New light on the Rwandan genocide

French investigation clears Paul Kagame of blame in the assassination that triggered one of the worst genocides in post-war history.

January 12, 2012 01:21 am | Updated July 25, 2016 08:23 pm IST

President of Rwanda Paul Kagame

President of Rwanda Paul Kagame

Eighteen years after the shooting down of a plane carrying the Presidents of Rwanda and Burundi and the unleashing of the worst genocides post-war history has known, a fresh investigation in France has cleared the present Rwandan chief, Paul Kagame, of all blame.

The investigation conducted by Judge Marc Trevidic (who is also investigating the Karachi submarine sale scandal) has concluded that the fatal missile was fired not by Tutsi rebels led by Paul Kagame, but from a camp housing the Presidential bodyguard of Juvenal Habyarimana, who was assassinated on April 6, 1994. His death led to the deliberate and brutal killing of 800,000 members of Rwanda's minority Tutsi tribe.

France has long placed the blame for the Rwandan genocide on the shoulders of Paul Kagame, who was then the leader of the oppressed Tutsi minority.
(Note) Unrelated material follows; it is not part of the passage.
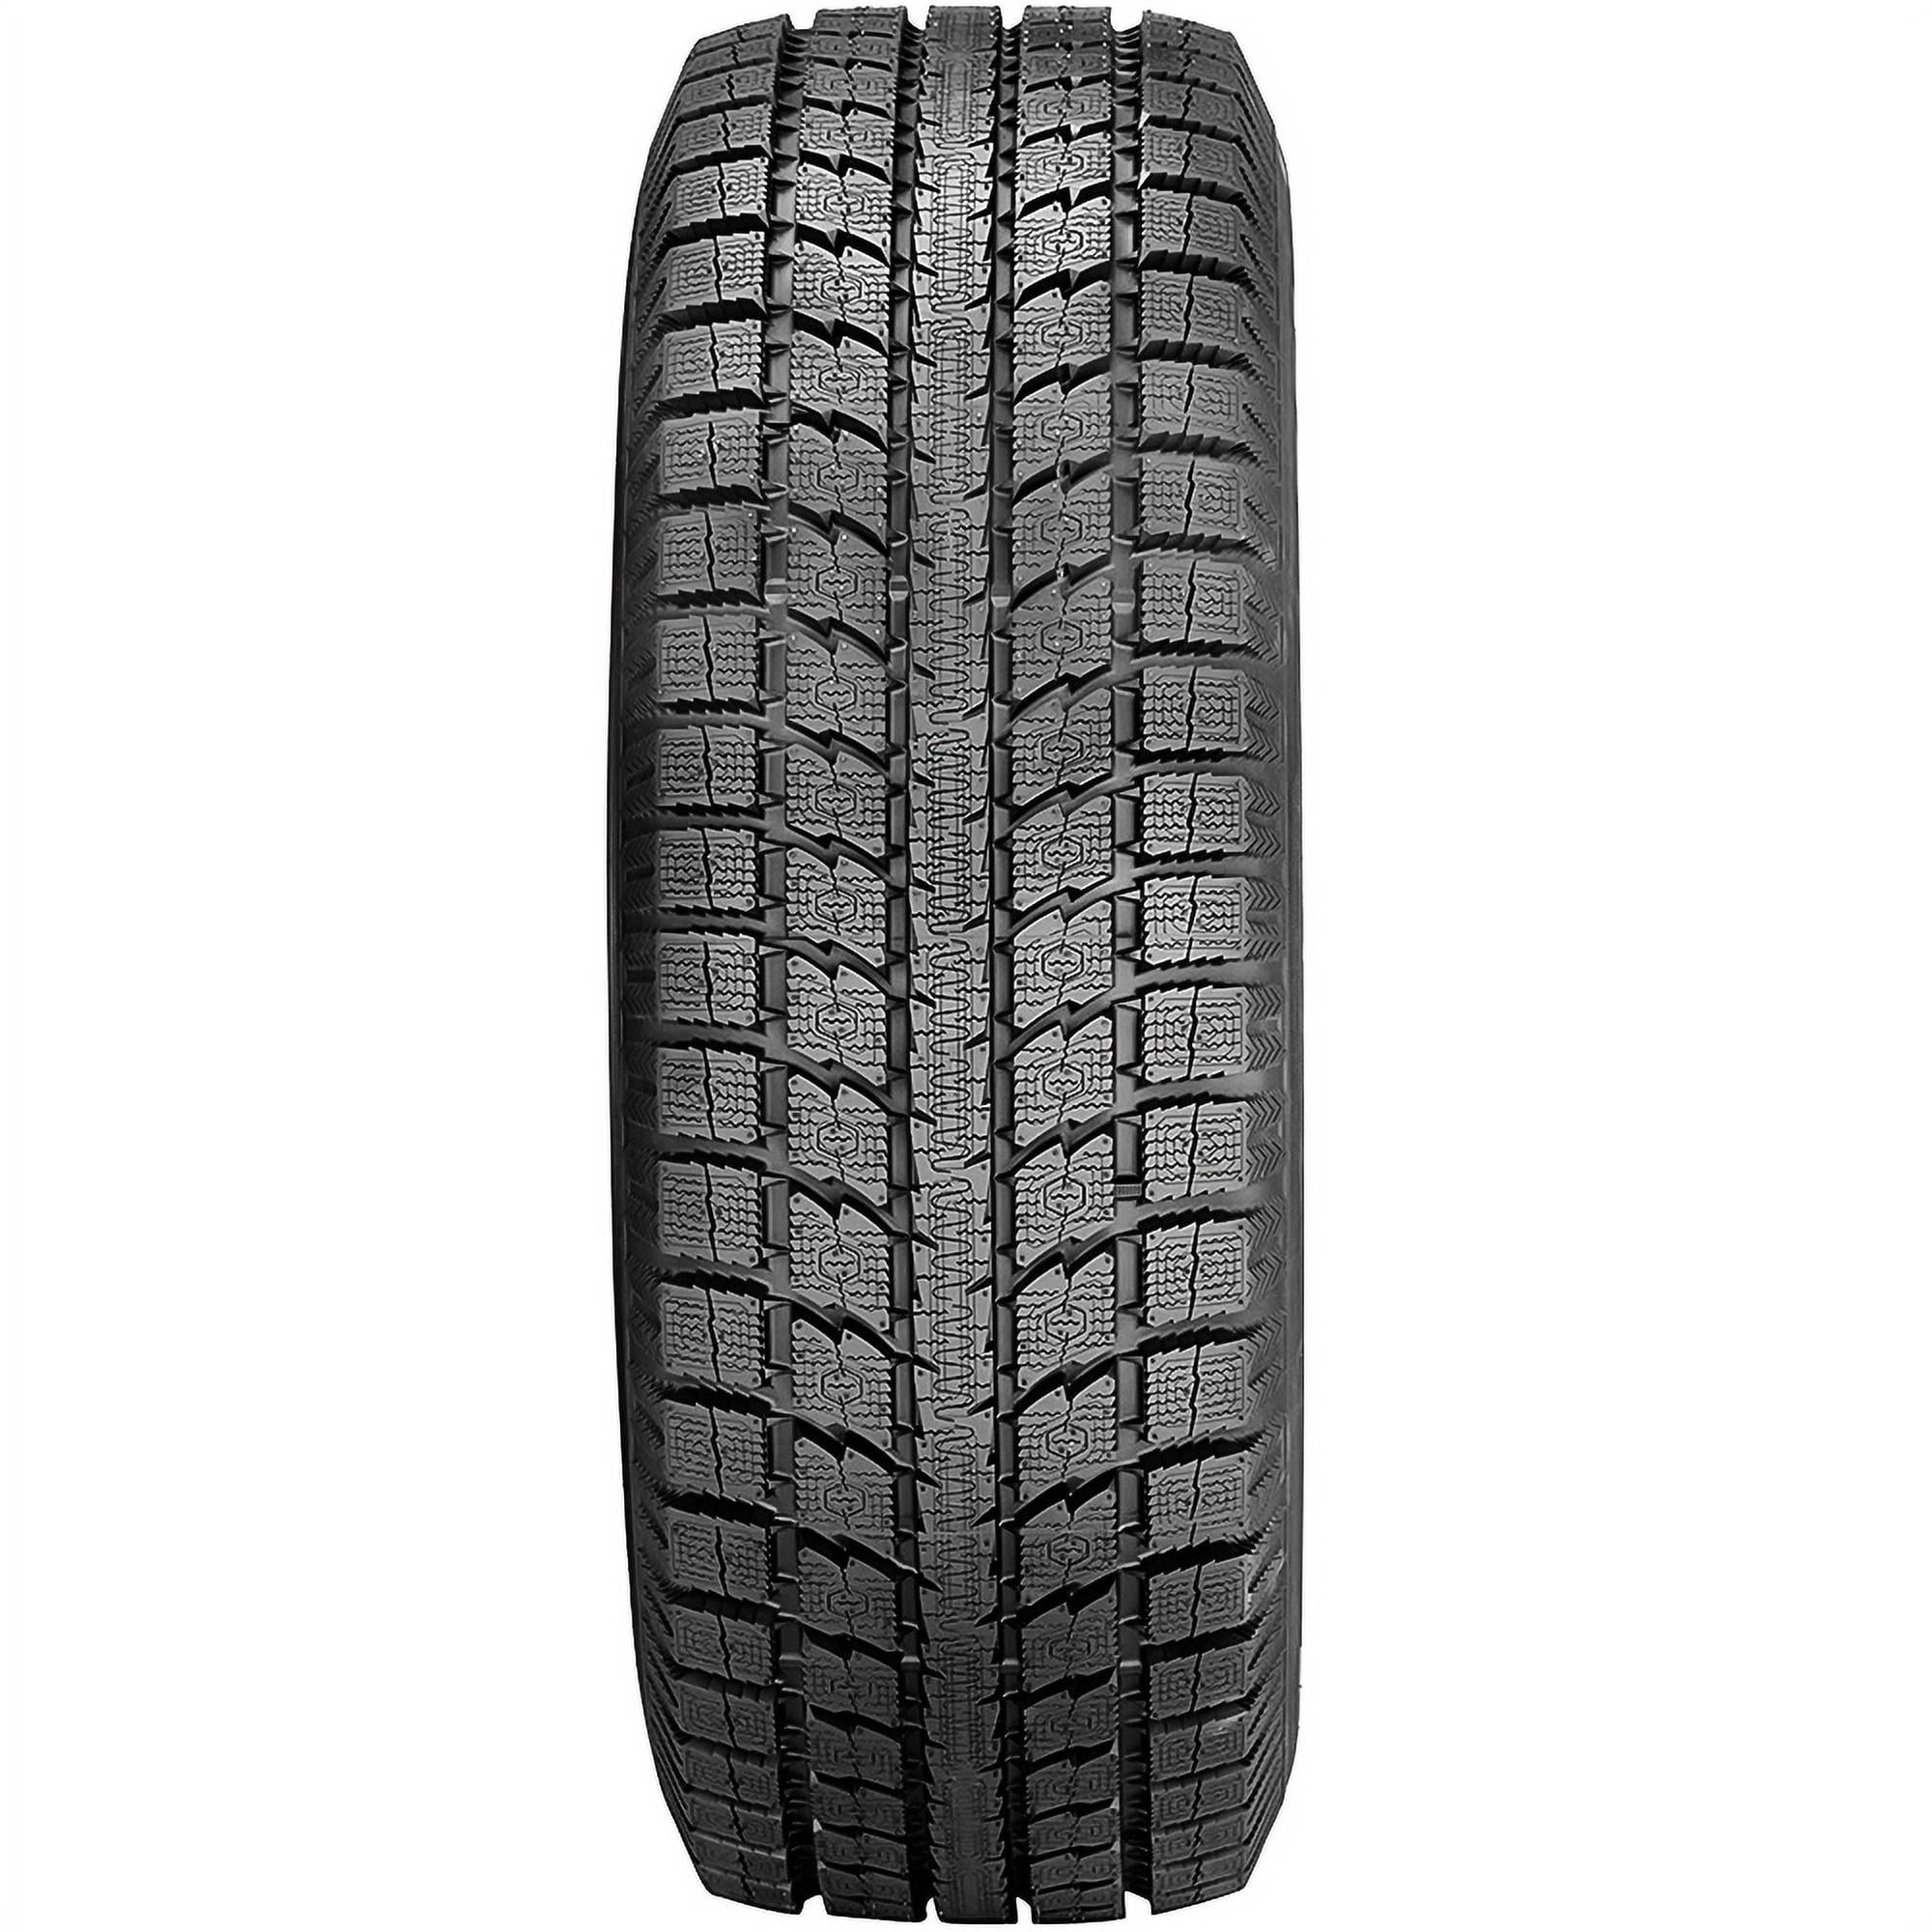 235/60-18 Toyo Observe GSi-5 Winter Performance Studless Tire 107S 2356018

Several well-known writers and journalists like Belgium's Collette Braekman or the celebrated New York journalist and writer Philip Gourevitch have contended that the French government, which was close to the Hutu faction led by Juvenal Habiyarimana, had given safe passage to several perpetrators of the genocide and that the initial report issued by France's famous anti-terrorism judge, Jean-Louis Bruguiere was a mere whitewash.
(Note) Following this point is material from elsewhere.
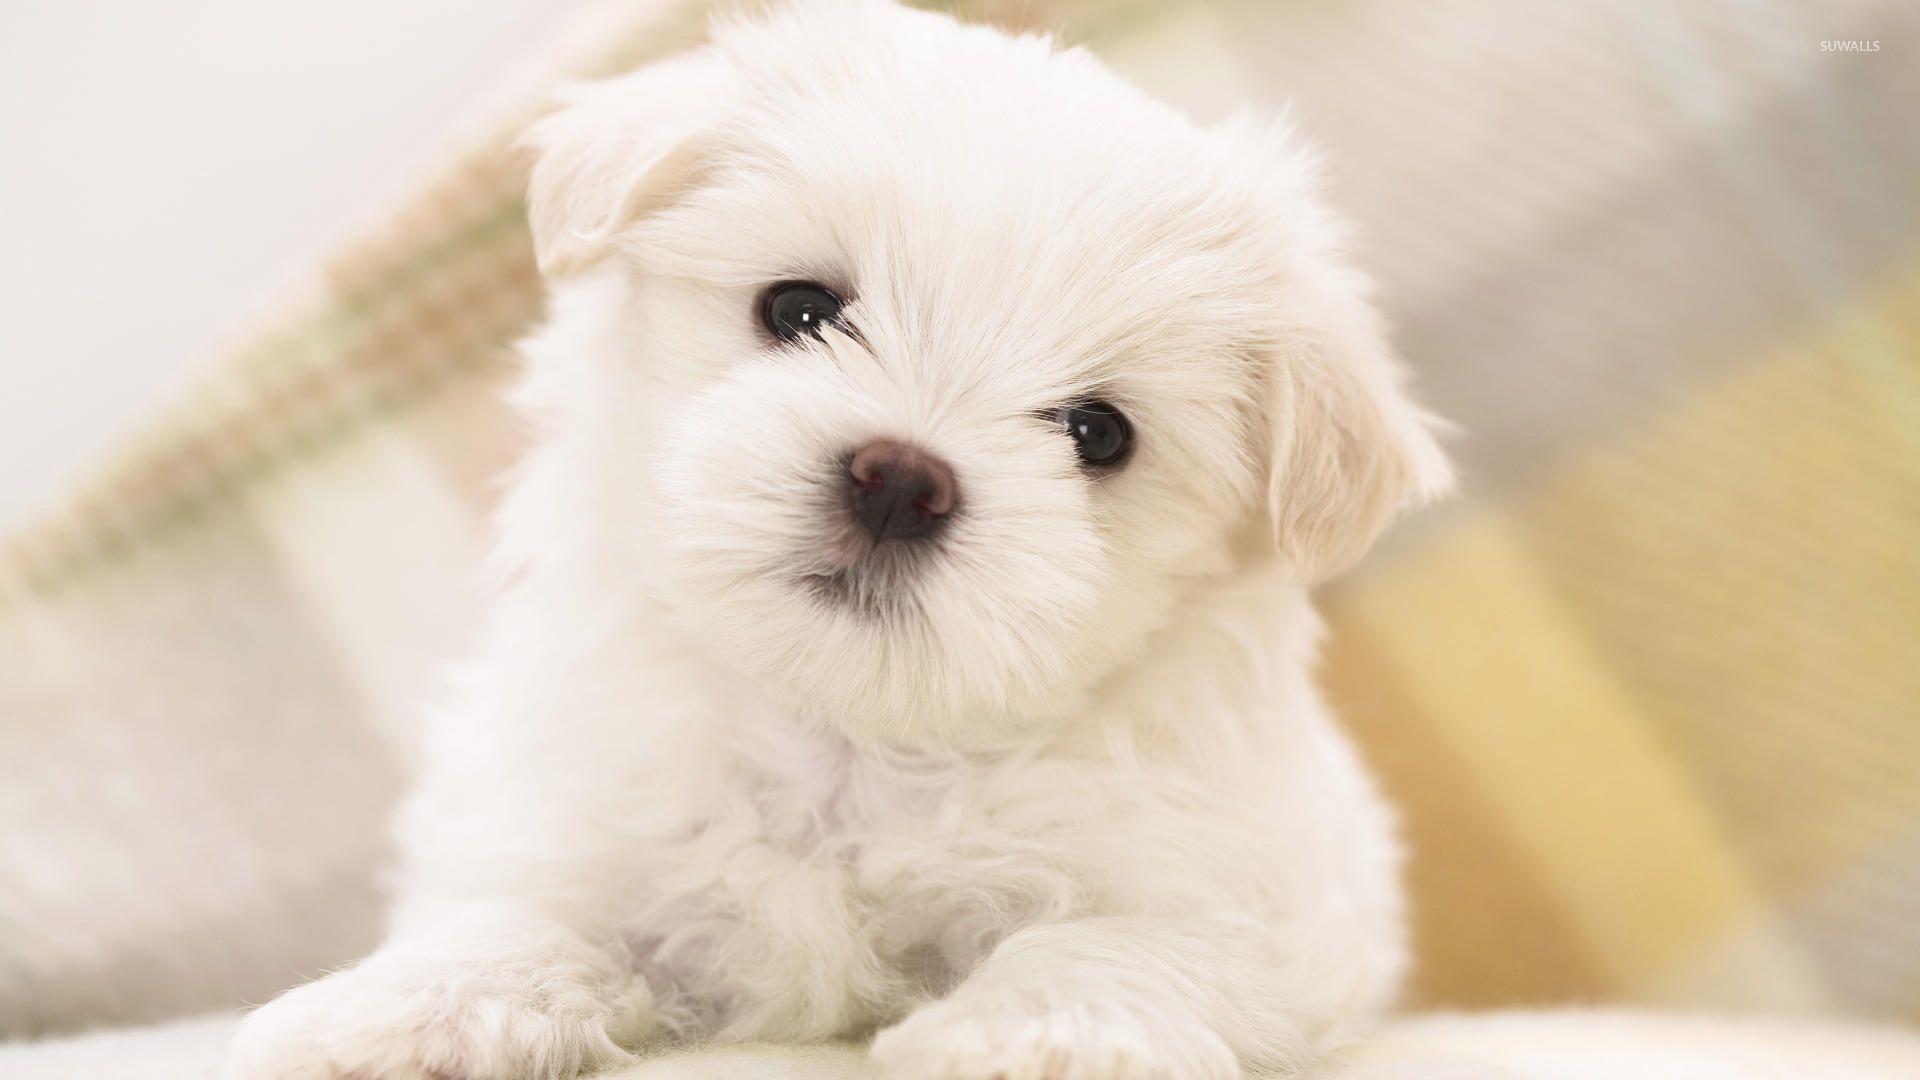 Cute white fluffy puppy with black eyes wallpaper

“Judge Bruguiere did not even visit the site. He based all his testimony on details provided by French officers who were present. For the first time we have serious evidence about what could have happened placed before us,” Collette Braekman told The Hindu .

The conclusions of Mr. Justice Trevidic's findings — over 400 pages long with the reports of six experts including ballistic specialists and aeronautical engineers who visited the crash site — are bound to prove embarrassing for the French government, Mr. Justice Bruguiere himself and for the International Criminal Tribunal on Rwanda at The Hague which has largely relied on the Bruguiere report.
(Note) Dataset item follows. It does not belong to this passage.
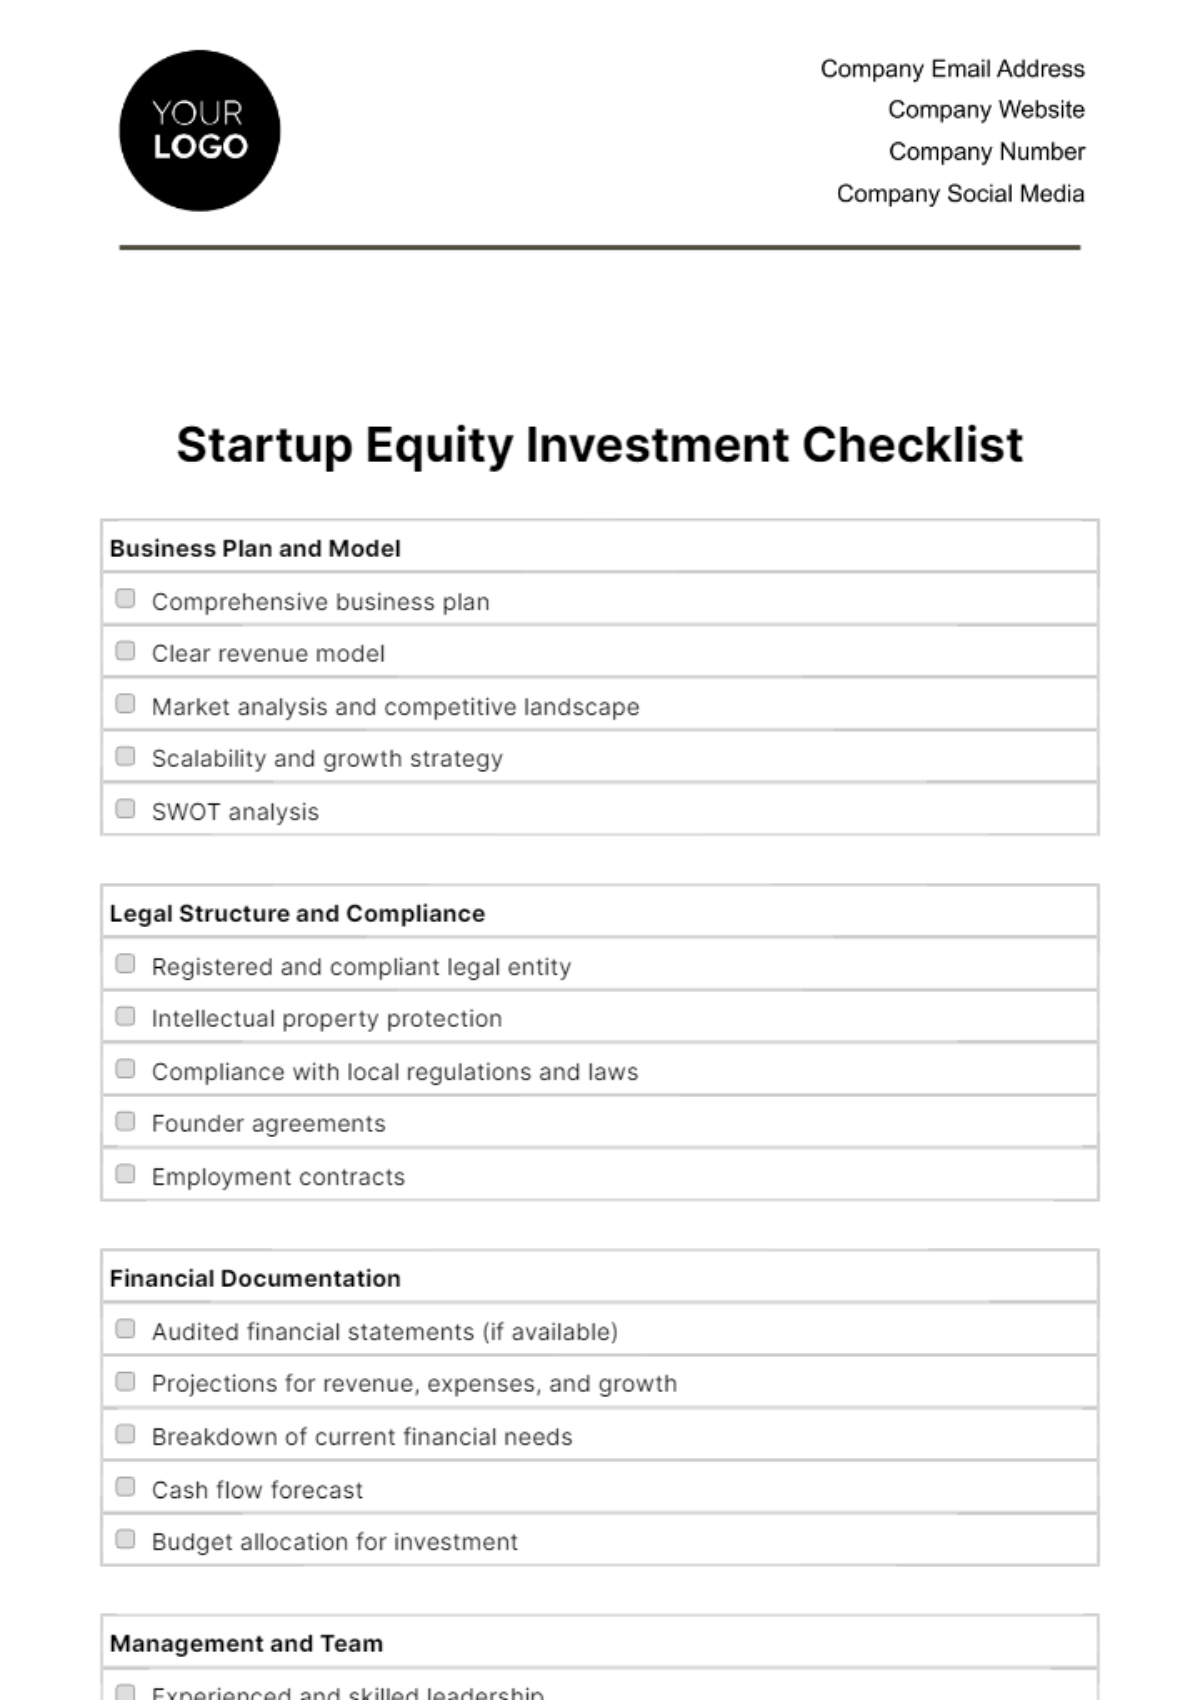 Free Startup Equity Investment Checklist Template

Mr. Justice Bruguiere went so far as to issue international arrest warrants for serving Rwandan officials, causing an outcry in Kigali. For a while diplomatic relations between France and Rwanda were cut off until France tendered a half-hearted apology.

That Mr. Justice Bruguiere acted for “reasons of state” than in the interest of truth is evident from his reluctant investigation into the sale of Agosta submarines to Pakistan in the late 90s. This latest report is bound to tarnish the image of the late President, Francois Mitterrand, but it might cause further problems for Eduard Balladur, who served as Prime Minister and who is currently embroiled in the Karachi submarine scandal.